Investors Should Ignore Materialistic Superstitions

Nearly 40 years ago, in a Marriott next to the Newark Airport, Carver Mead of Caltech legend provided me with a crucial paradigmatic insight: Entrepreneurs succeed by wasting what is abundant to conserve what is scarce.

In technology today, the world reverberates with campaigns to waste what is scarceto save what is abundant. That is another way of saying that decisions are being made according to sentiment and convention, fashion and convenience, rather than according to the rigorous tests of entrepreneurial learning.

These errors open up new opportunities for savvy investors.

Wealth is not material resources. It is knowledge. Growth is not accumulated materials. It is learning. And money is not a commodity. It is tokenized time.

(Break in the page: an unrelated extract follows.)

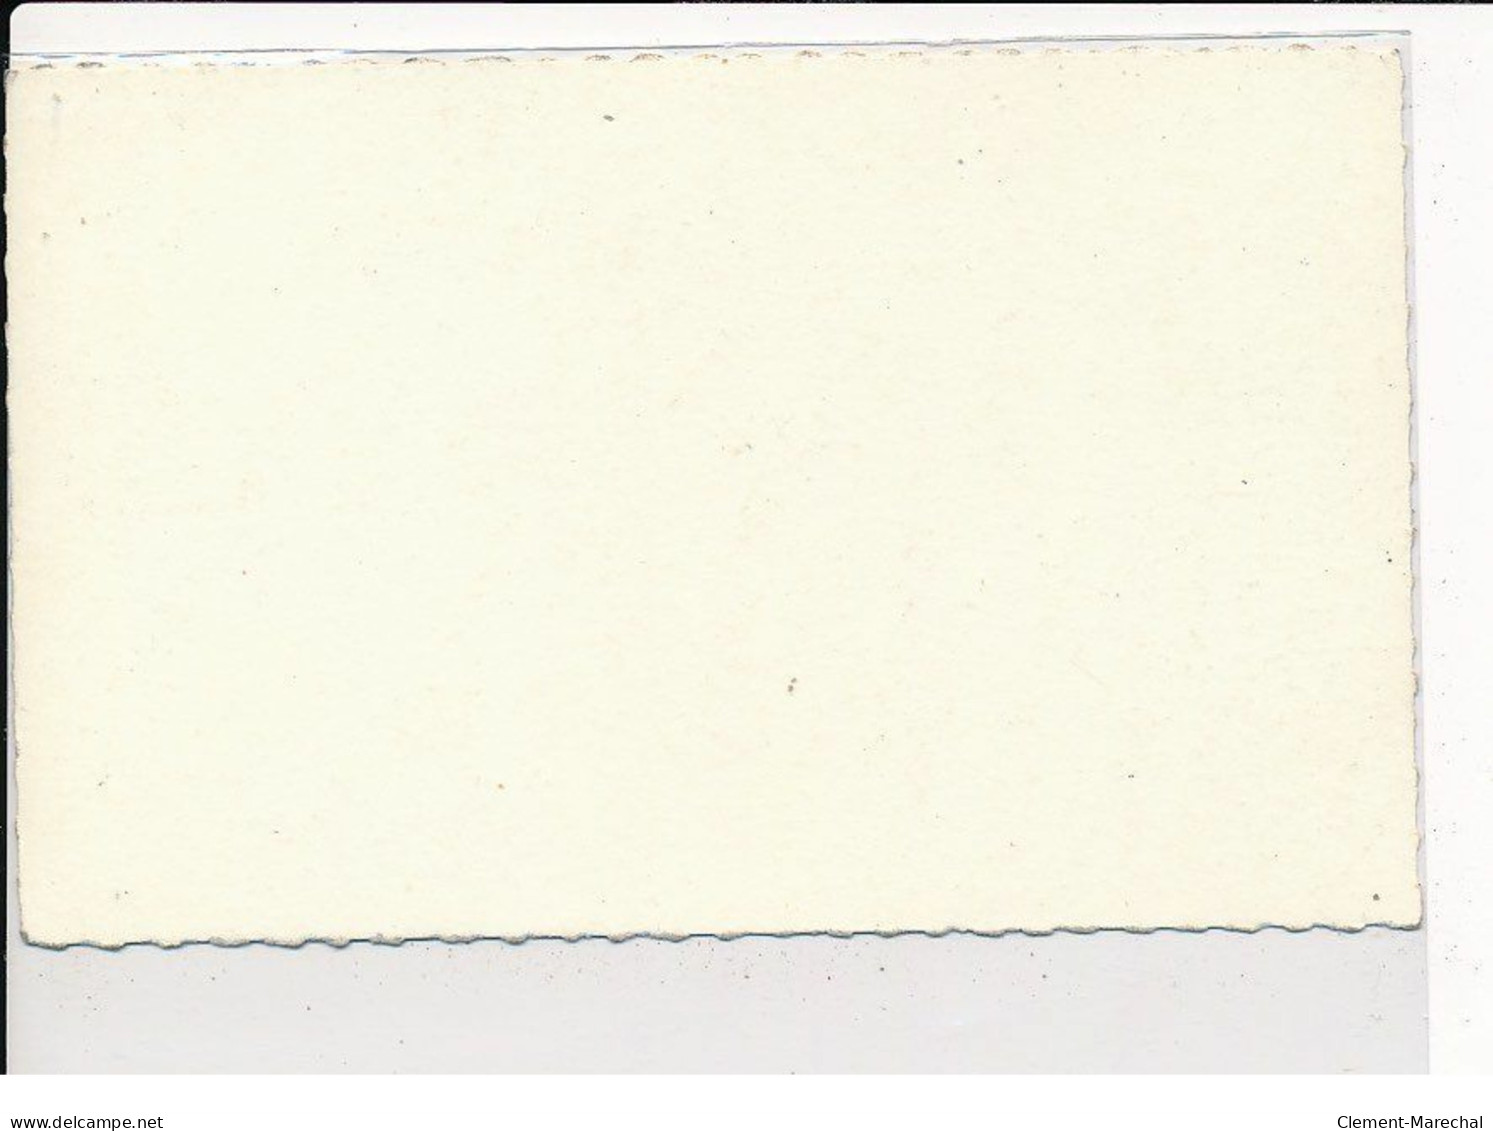 Autographe De Eddy Mitchell, Chanteur - Très Bon état - Other & Unclassified

The prevailing paradigm is to save bandwidth, as if it were scarce. Waste transistors by the trillions for local processing (Moore’s Law — transistors become free), waste power by the thousands of watts (just plug your server into the socket in the wall), and waste silicon area by the thousands of square miles on printed circuit boards arrayed in serried rows of racks across the datacenters of the globe.

But bandwidth is not intrinsically scarce at all. In my book Telecosm (2000), I wrote: “The central event in technology over the last decade is a growing awareness that the electromagnetic spectrum — its bandwidth or range of frequencies and wavelengths available to carry signals — is not severely limited, as previously believed, but essentially infinite.”

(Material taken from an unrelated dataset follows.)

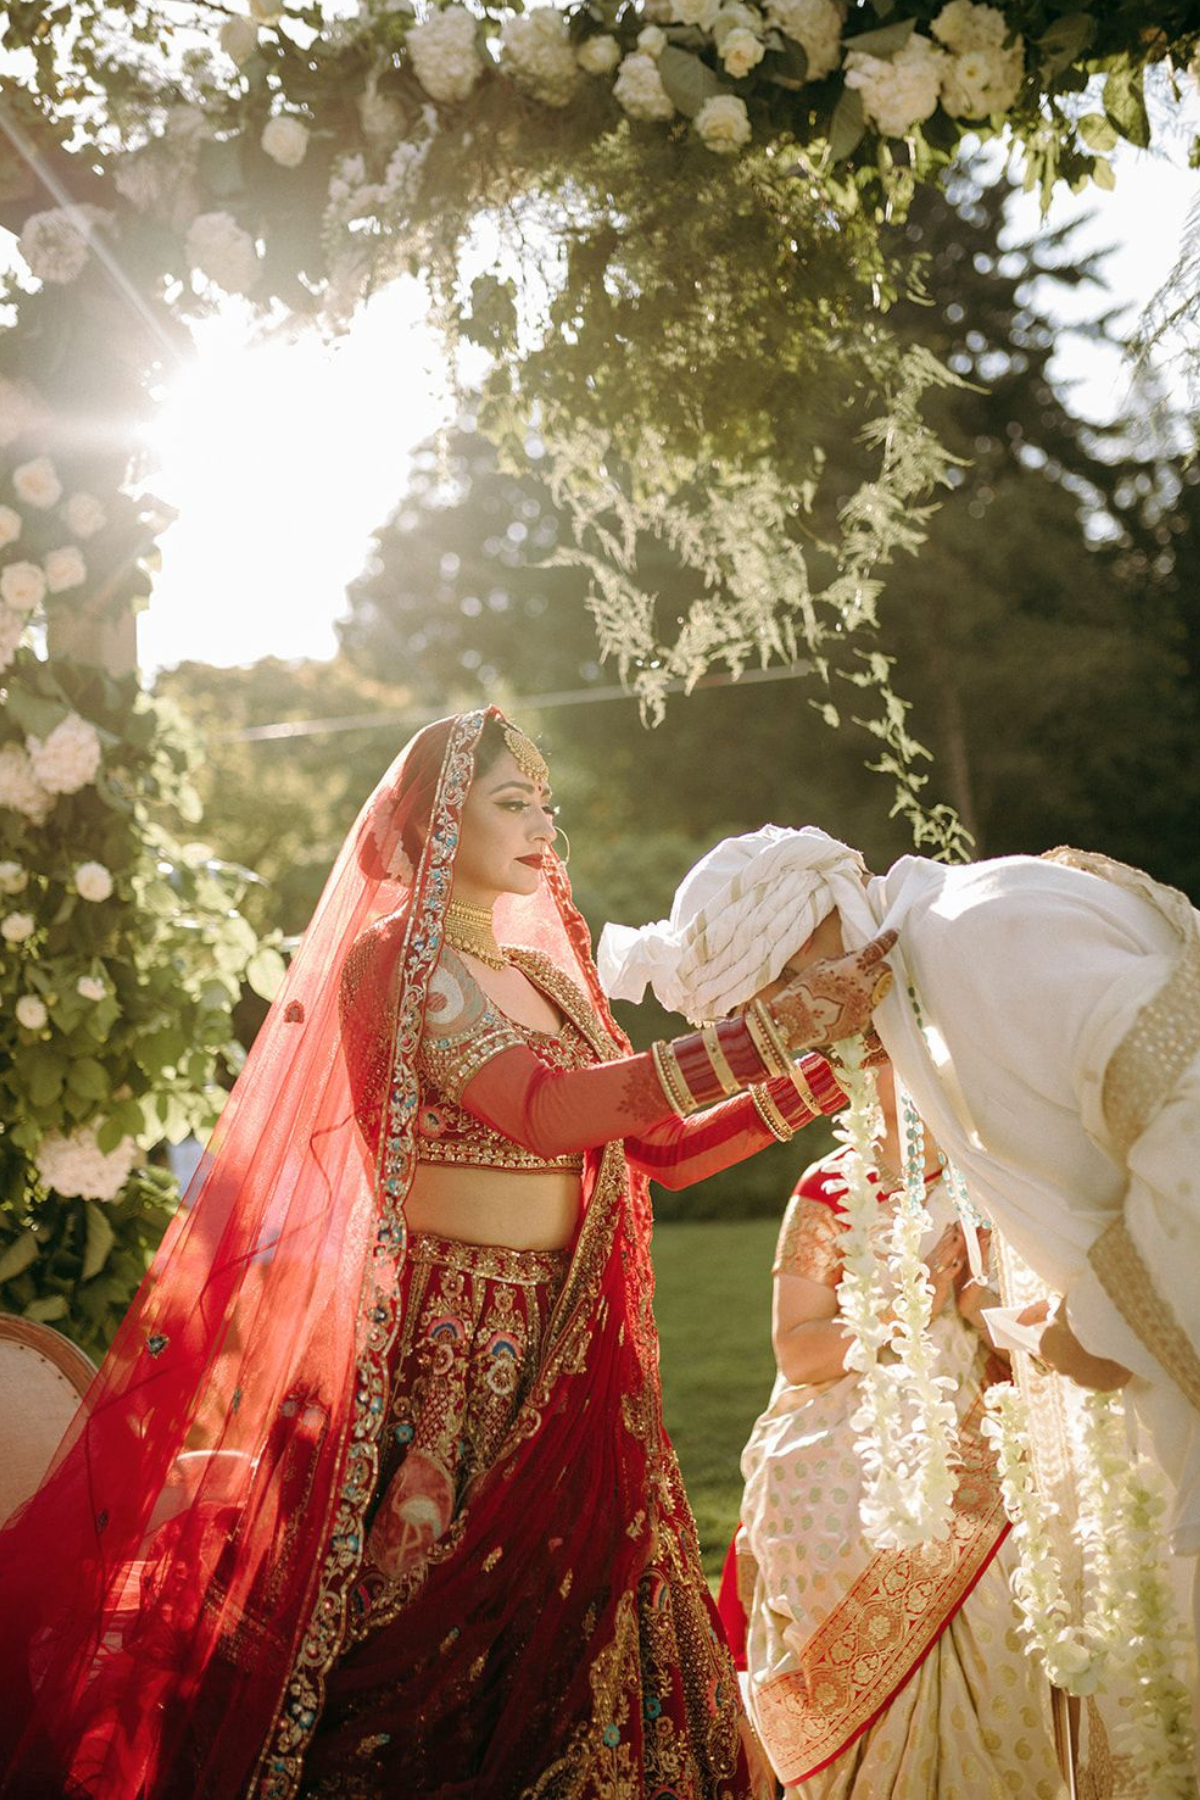 outdoor-garden-hindu-wedding-tent-greenery-mandap-bride-groom

Why save bandwidth in an era of bandwidth abundance? Measured by the expansion of Internet traffic at steadily declining prices, the price of bandwidth is decreasing and availability increasing by a factor some four times Moore’s Law.

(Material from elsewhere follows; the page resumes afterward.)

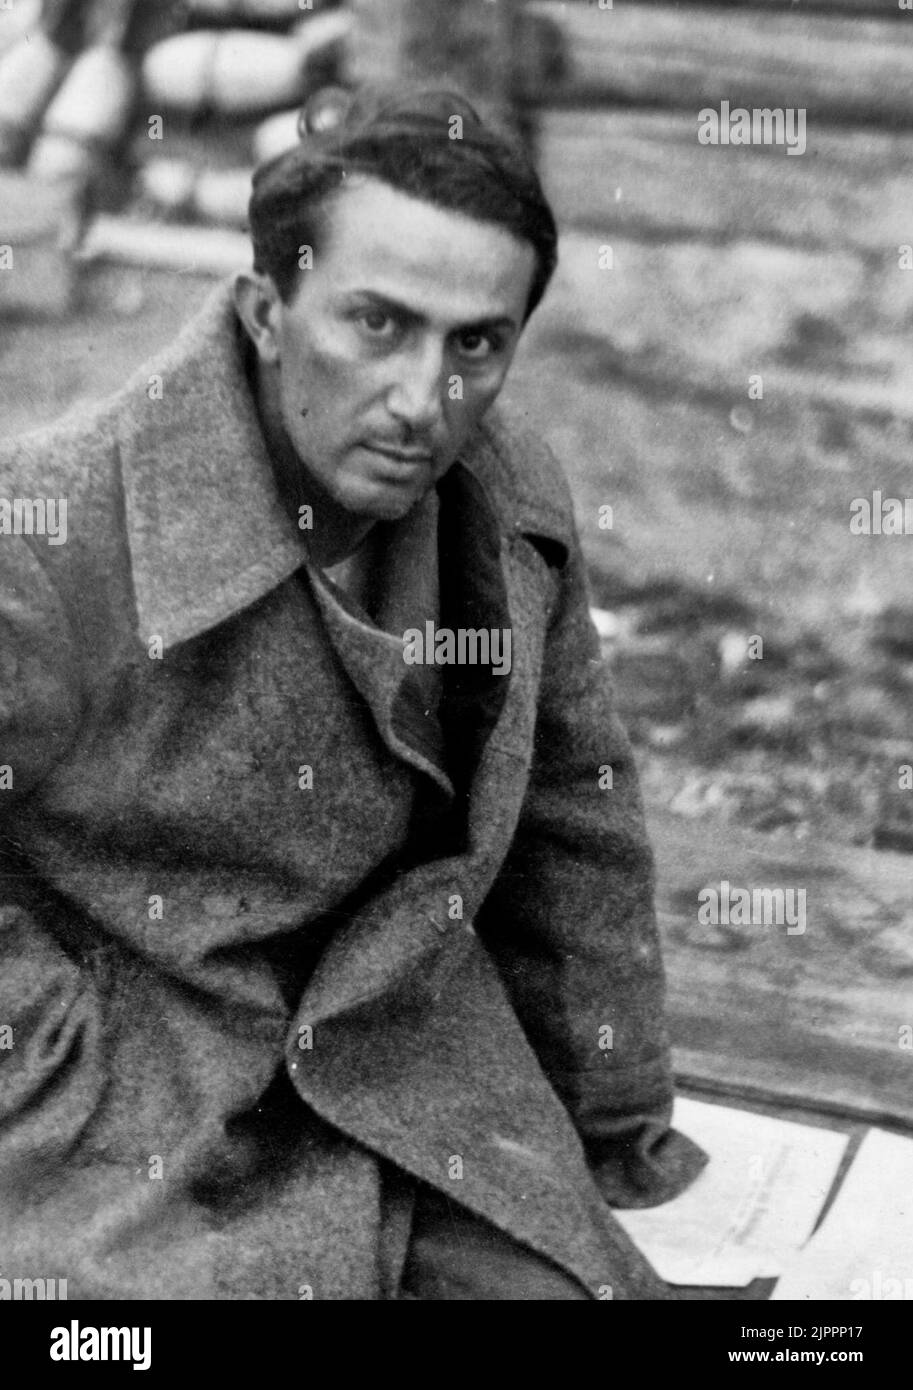 Jakow Dschugaschwili, Sohn des sowjetischen Premierministers Joseph Stalin, kurz nachdem er 1941 von den Nazis gefangen genommen wurde Stockfoto

Today, however, the telecommunications industry has allied with governments everywhere in a massive far-reaching campaign to conserve the electromagnetic spectrum. They claim it is precious, analogous to “beachfront property”. It must be nationalized and rationed out in “exclusive bands” by the government to winners of auctions.

Meanwhile, wasted wantonly are the potential talents of engineers who could vastly expand usable spectrum. Tapping more frequencies or wavelengths for use in communications entails increasing the sensitivity, selectivity, and isolation or granularity of the systems employed to access the “air.”

One theme of development is “software defined radios” that can change frequencies on the fly to adapt to available or unused spectrum. These “smart radios” or “cognitive radios” represent future generations of the spread spectrum tools pioneered over the last two decades by Qualcomm.

These “smart radios” can allow exploitation of underused spectrum spans such as the “white spaces” between TV channels. Called “very high” (VHF) and “ultra-high” (UHF), these are actually choice frequencies in the megahertz range that reach large distances and penetrate walls and foliage. Using agile transmitters or receivers to exploit temporarily vacant bands could obviate all auctions for exclusive spectrum.

A New Paradigm Underway

The new paradigm follows the priorities of Nick Tredennick’s “leading-edge wedge”— seeking to reconcile three incompatible goals:

  1. Zero delay or latency (fast hot chips for supercomputer processing)
  2. Zero power (cool low energy devices with unending battery life)
  3. Zero cost (free transistors and bandwidth).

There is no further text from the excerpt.